Non-Opec production faces biggest decline in more than 20 years

The oil price slump will force non-Opec producers including the US to cut output but drive demand for the cartel’s crude, according to the world’s leading energy forecaster, a sign that the Saudi Arabia-led strategy to defend market share is succeeding.

“Oil’s price collapse is closing down high-cost production from Eagle Ford in Texas to Russia and the North Sea,” said the International Energy Agency in its closely watched monthly report published on Friday.

Non-Opec production will drop by nearly 500,000 barrels a day in 2016 — the most in 24 years — taking output from these countries to 57.7m barrels a day. The effort “to defend market share regardless of price appears to be having the intended effect,” the IEA said.

The lower price environment is forcing the market to “behave as it should”, the IEA said, shutting in production and luring more buyers. Demand growth is forecast to reach a five-year high in 2015.

Despite the bullish IEA forecast for the coming year, supply — at 96.3m b/d in August — continues to outpace demand and inventories are building.

Goldman Sachs trimmed its oil price forecasts saying the potential for oil prices to fall to around $20 a barrel was growing due to falling storage levels. “The oil market is even more oversupplied than we had expected,” said the bank which once forecast prices at $200 a barrel.

Brent crude, the international benchmark, dropped $1.15 to $47.74 a barrel by midday Friday, while US marker West Texas Intermediate fell $1.15 to $44.74 a barrel.

Goldman cut its 2015 Brent price forecast to $53.70 a barrel from $58.20. it reduced its 2016 estimate to $49.50, down from $62. The bank lowered its US crude forecast for 2015 to $48.10 a barrel, down from $52. The 2016 estimate was cut to $45 from $57.

The IEA said inventories stand 2.4m b/d above levels a year ago. “Our balances show the world only starting to siphon off record-high stocks in the second half of 2016,” it said.

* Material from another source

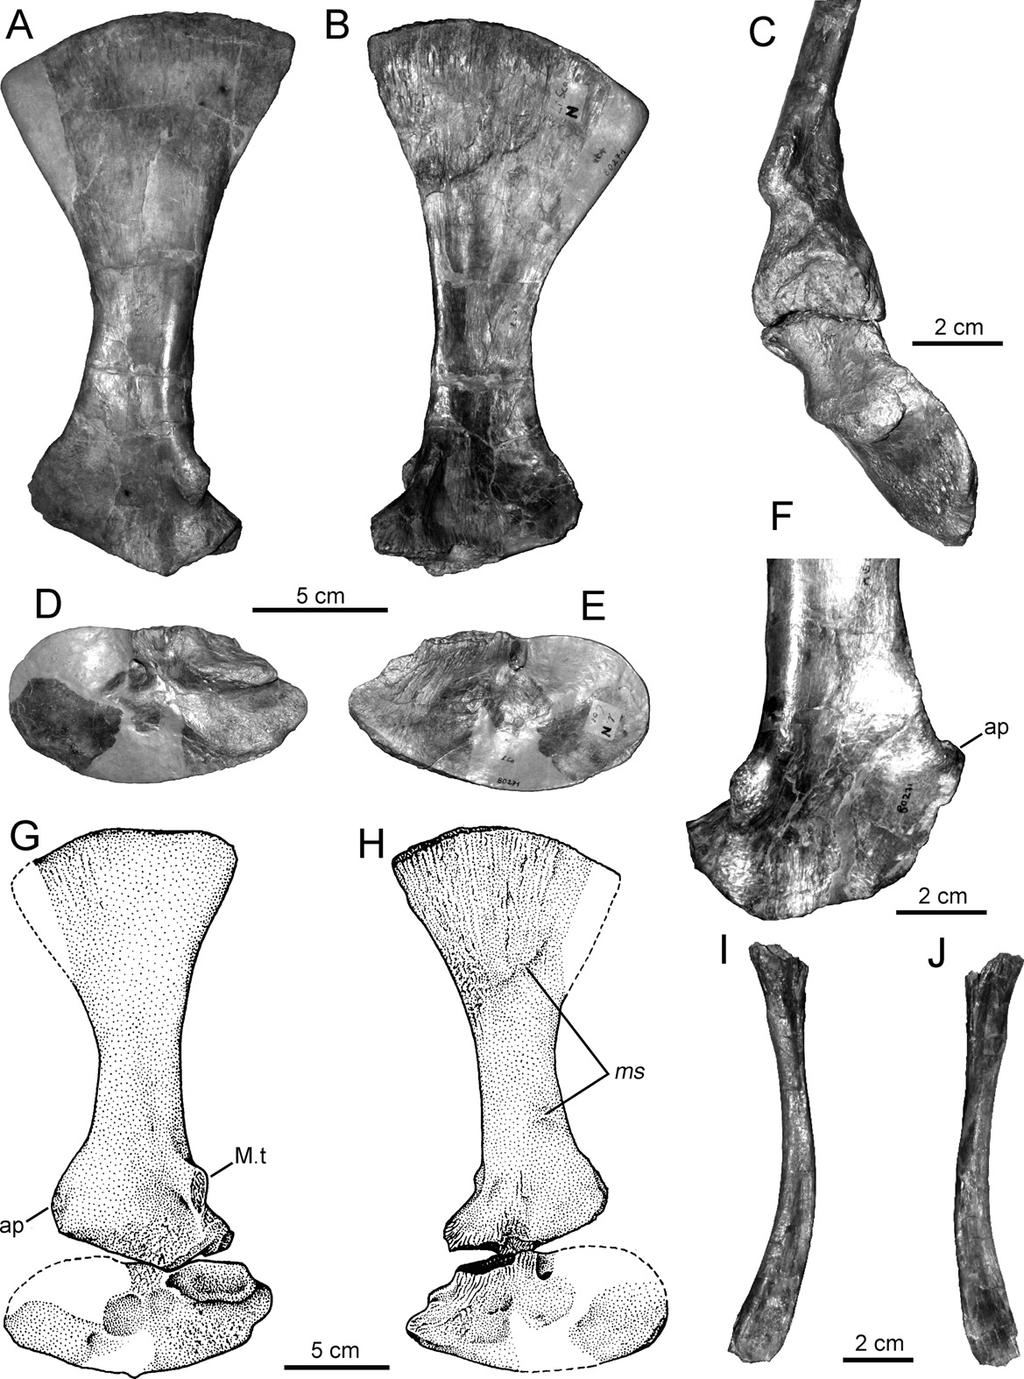 110 JOURNAL OF VERTEBRATE PALEONTOLOGY, VOL. 29, NO. 1, 2009 FIGURE 3. Pectoral girdle of Batrachotomus kupferzellensis. A, B, Lateral, medial views of left scapula.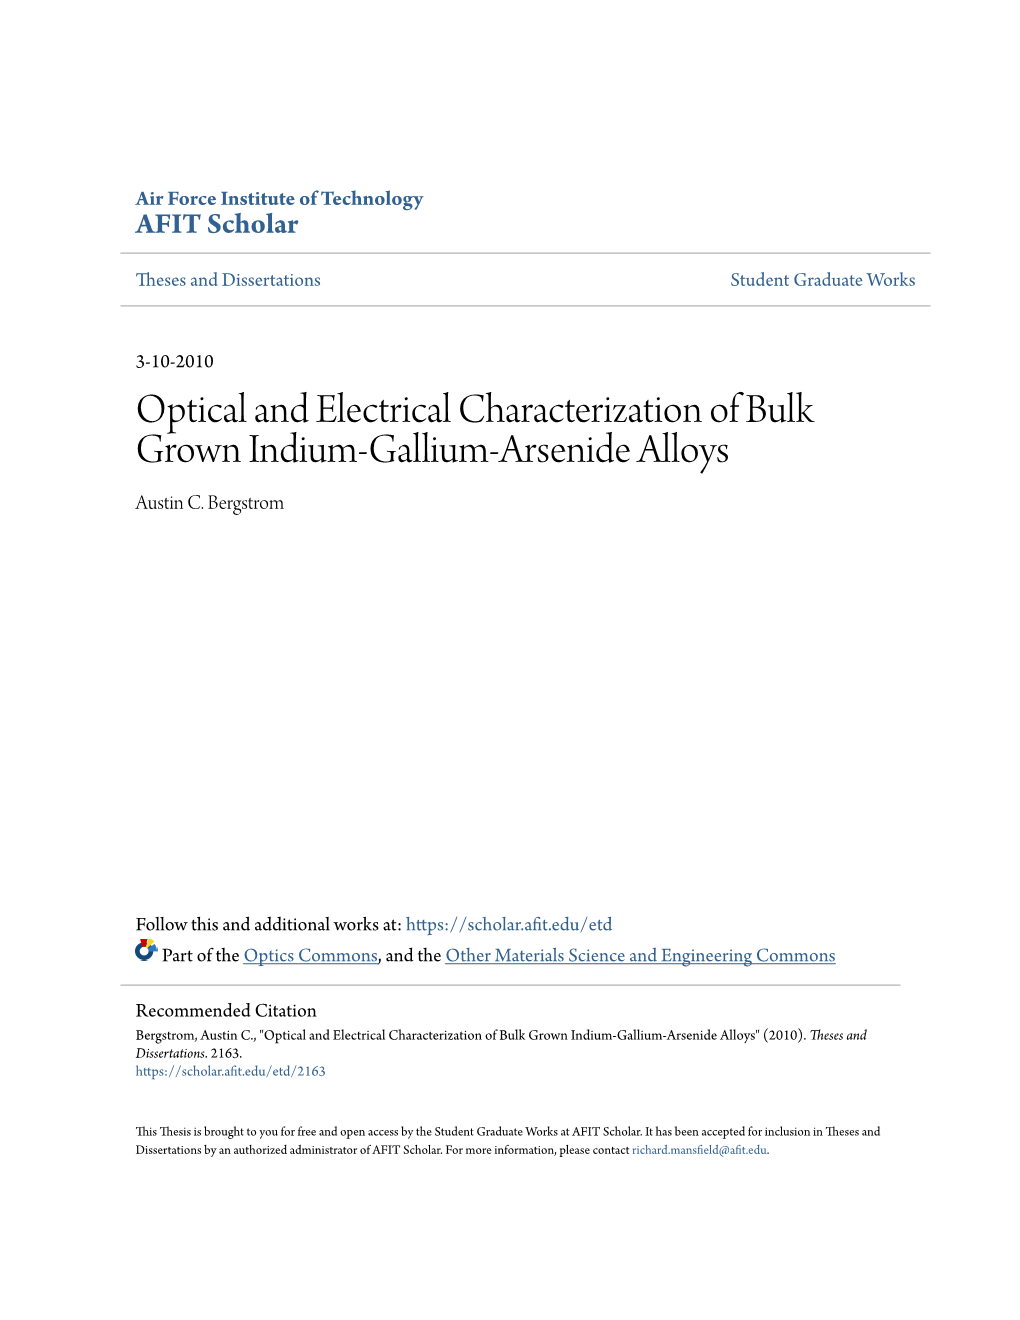 Optical and Electrical Characterization of Bulk Grown Indium-Gallium-Arsenide Alloys Austin C

Even so, US output from shale fields is expected to bear the brunt of an oil price rout that has wiped more than half the value off Brent crude since June 2014, the IEA said.

After expanding by a record 1.7m b/d in 2014, “the latest price rout could stop US growth in its tracks”. It is forecast to grow by around 500,000 b/d this year and contract by 400,000 b/d in 2016 as drilling and completion rates decline.

Producers outside of the US are also adjusting to lower oil prices. “Marginal fields are being shut or are at risk as companies seek to stem losses from high operating costs. Spending curbs are also accelerating decline rates,” the IEA said.

The sizeable slump in non-Opec production and robust demand growth suggest that “unless prices recover, lower-cost Opec producers would need to turn up the taps during the second half of 2016 to keep the market in balance.”